Exact repetition of a range: find the line containing "It's not easy" and the line containing "Hydroponics Growing System" in the material below, then repeat both and all lines between them, leaving pictures out.

The input »
= = = = =
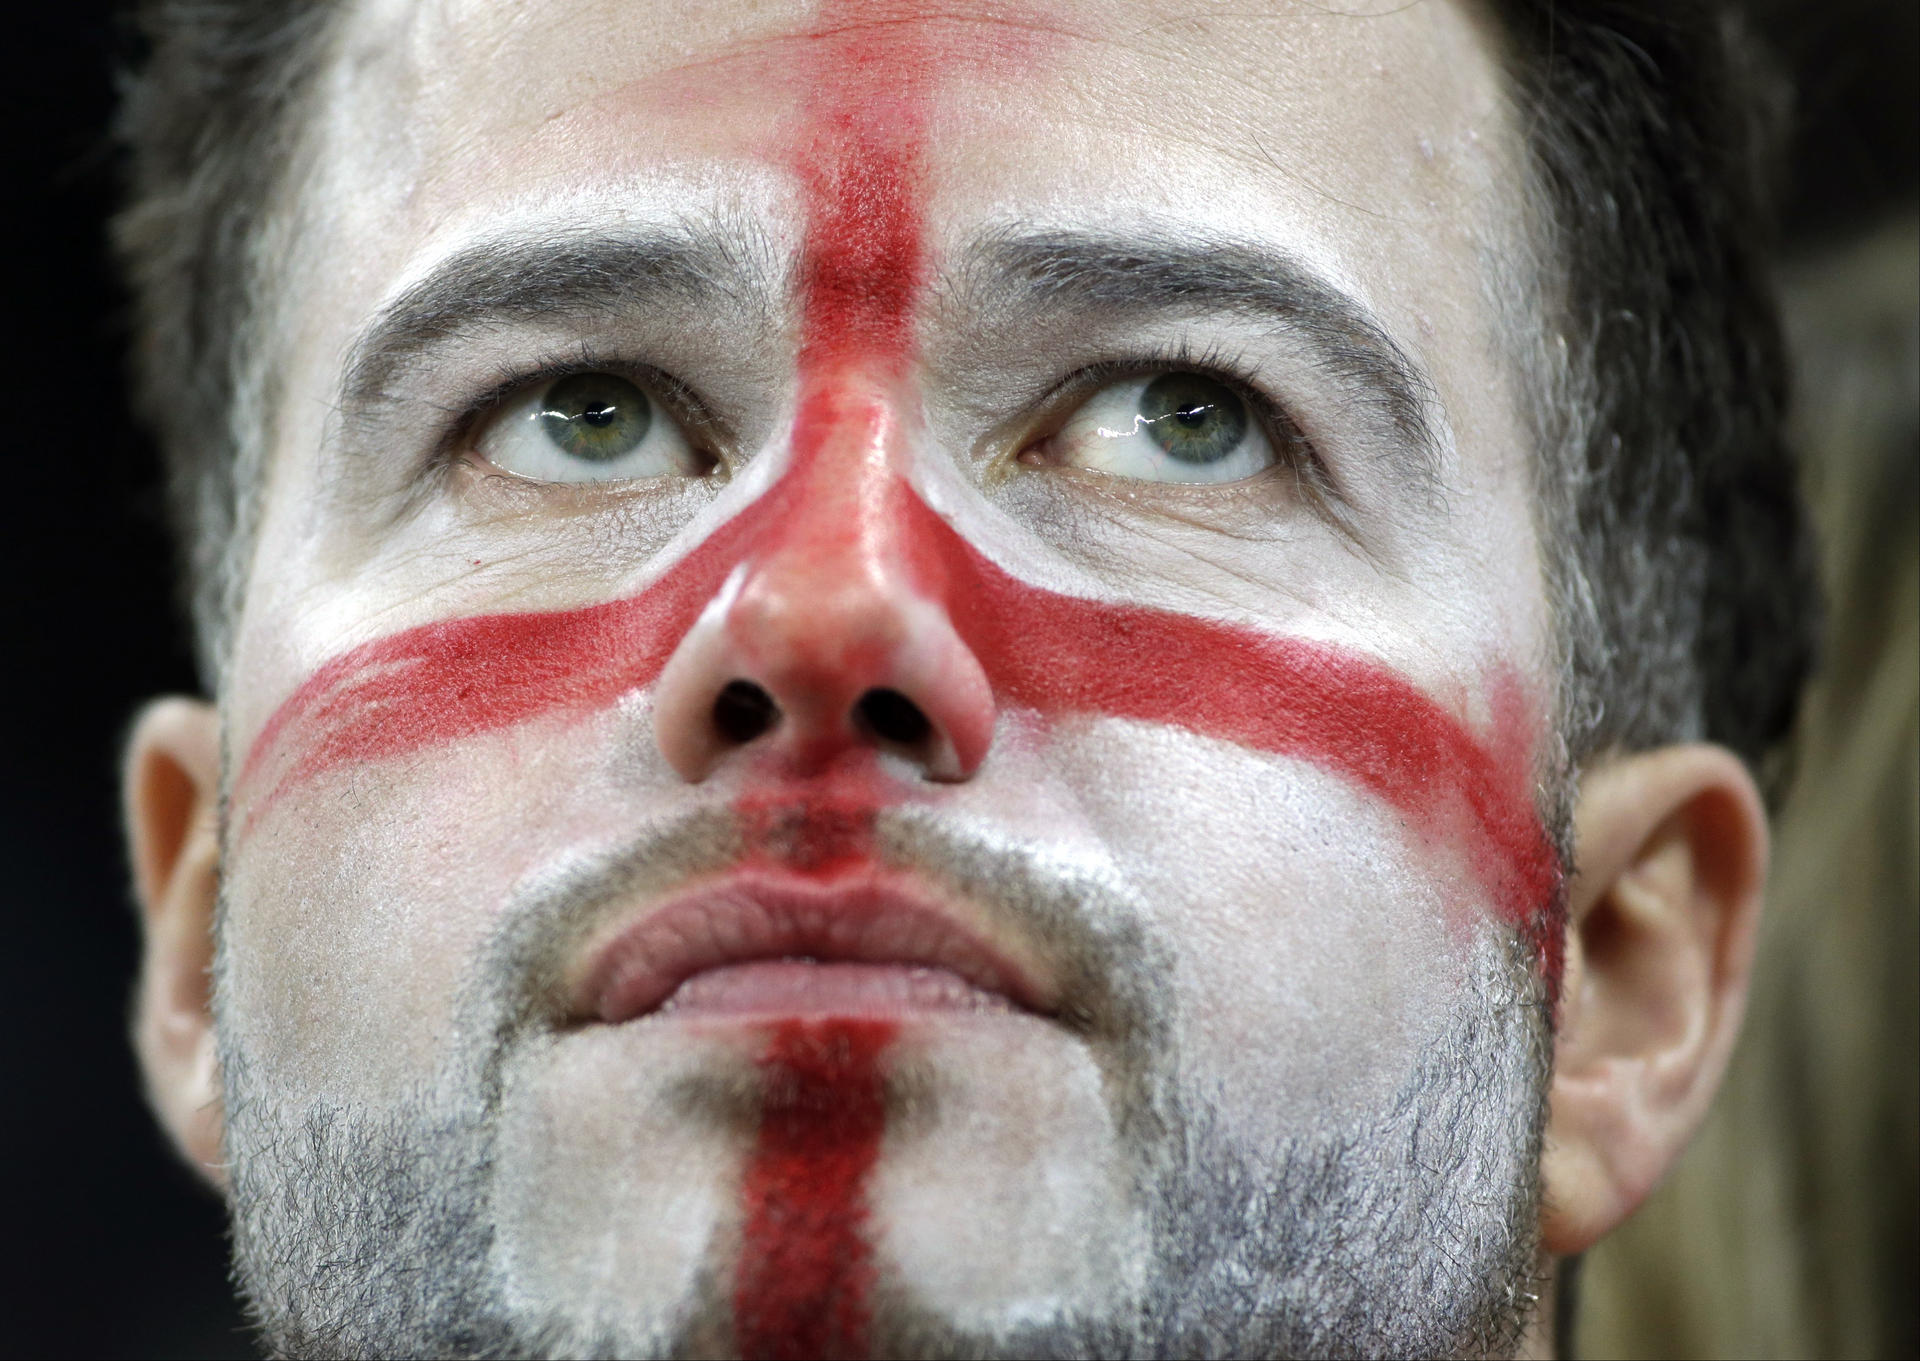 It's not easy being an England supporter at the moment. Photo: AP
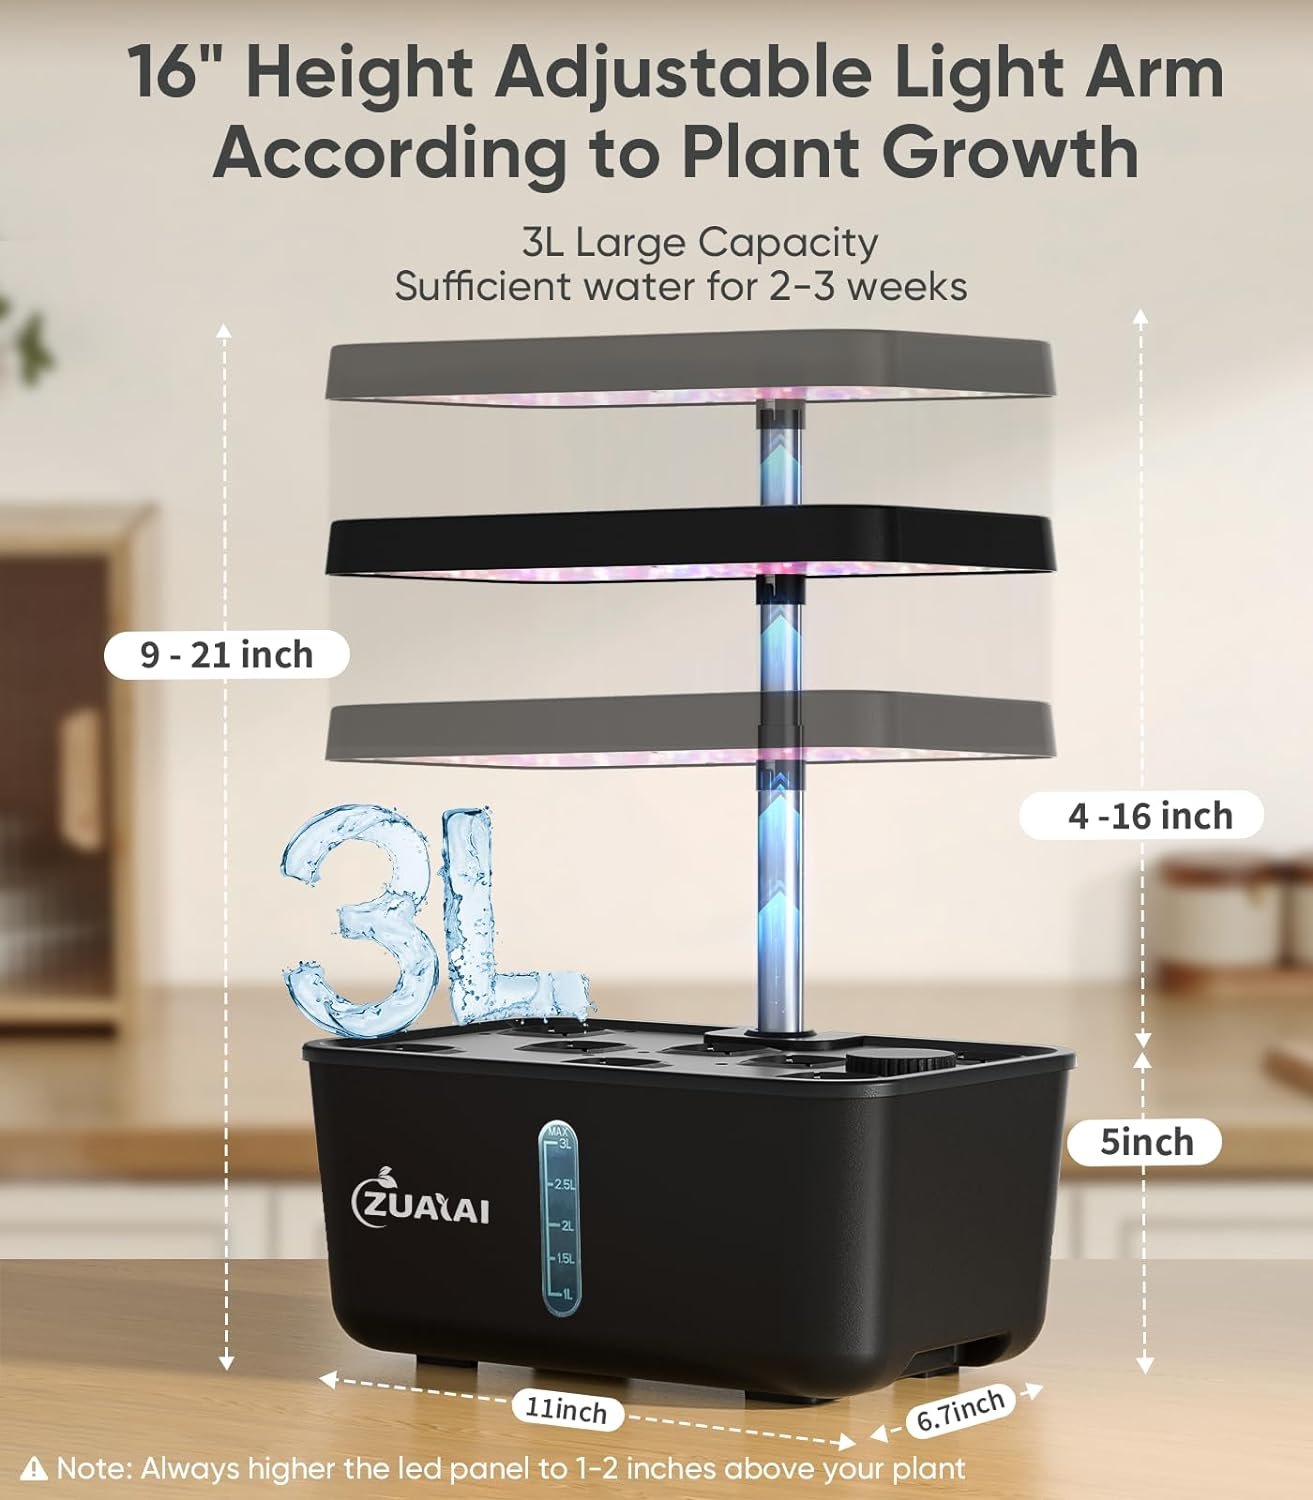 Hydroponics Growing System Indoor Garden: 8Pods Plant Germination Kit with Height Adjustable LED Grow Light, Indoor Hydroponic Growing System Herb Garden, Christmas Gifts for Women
= = = = =
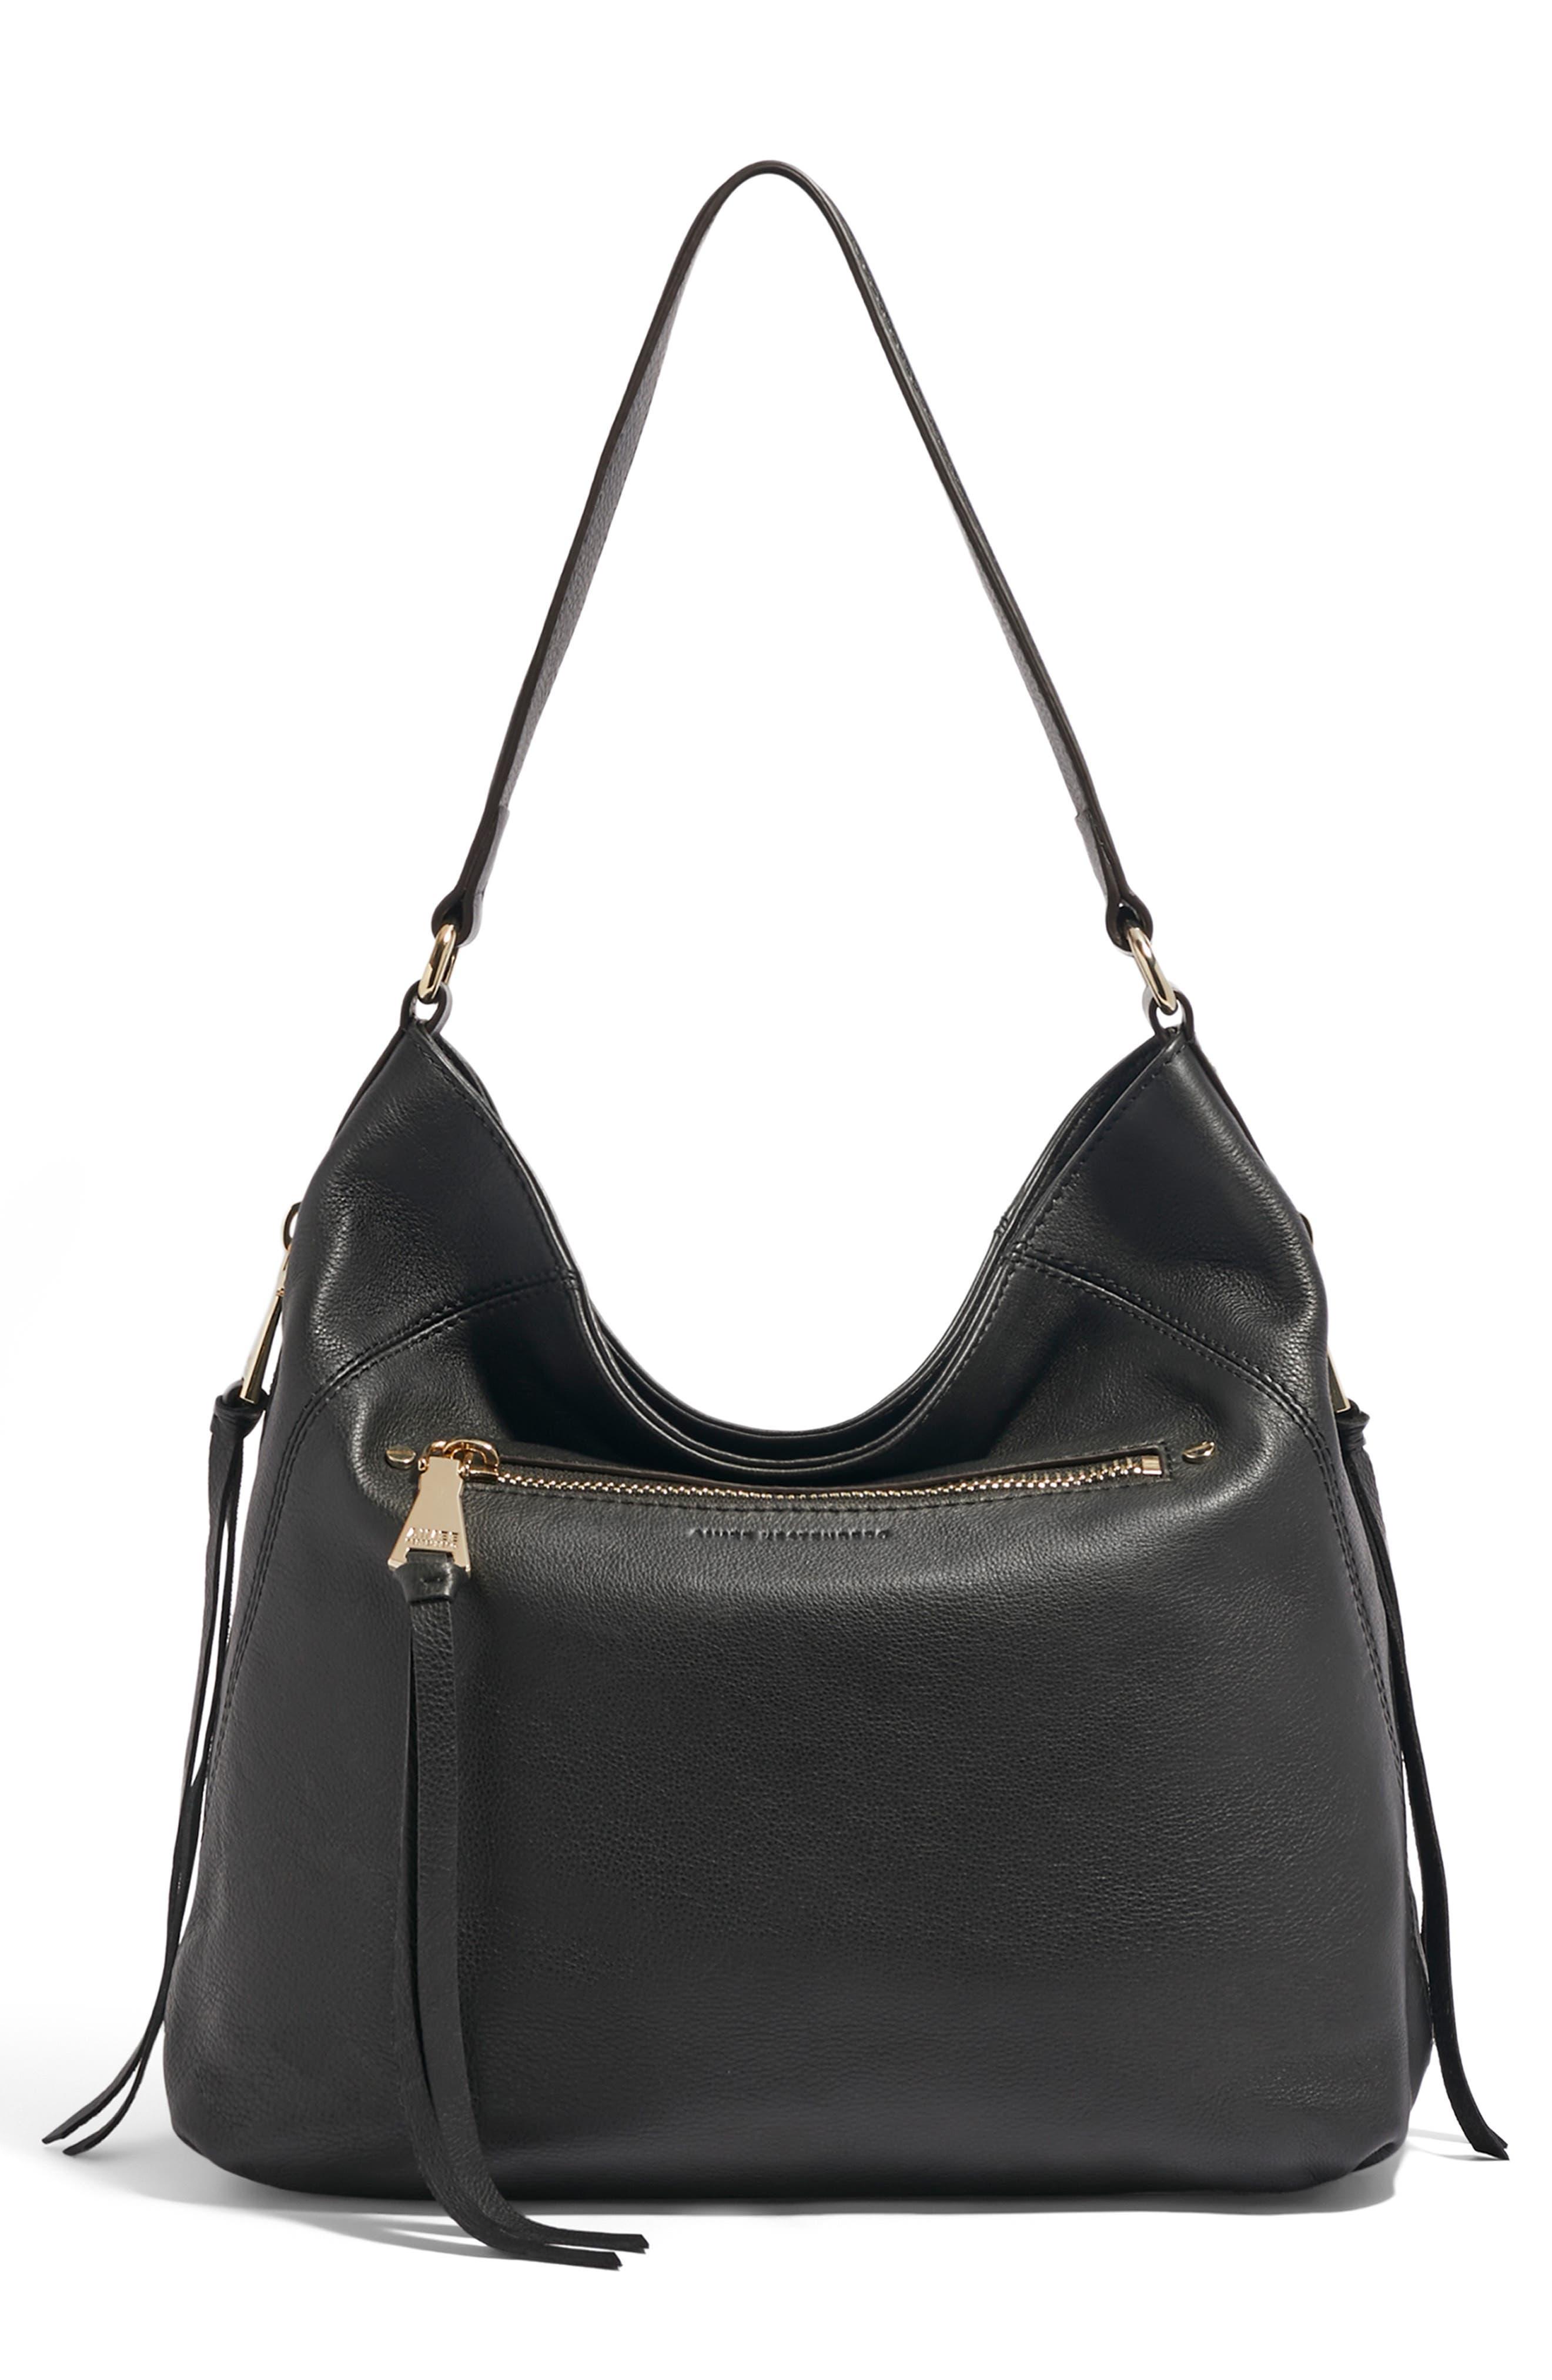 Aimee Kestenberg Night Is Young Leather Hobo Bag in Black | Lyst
= = = = =
Problem solution »
 It's not easy being an England supporter at the moment. Photo: AP
 Hydroponics Growing System Indoor Garden: 8Pods Plant Germination Kit with Height Adjustable LED Grow Light, Indoor Hydroponic Growing System Herb Garden, Christmas Gifts for Women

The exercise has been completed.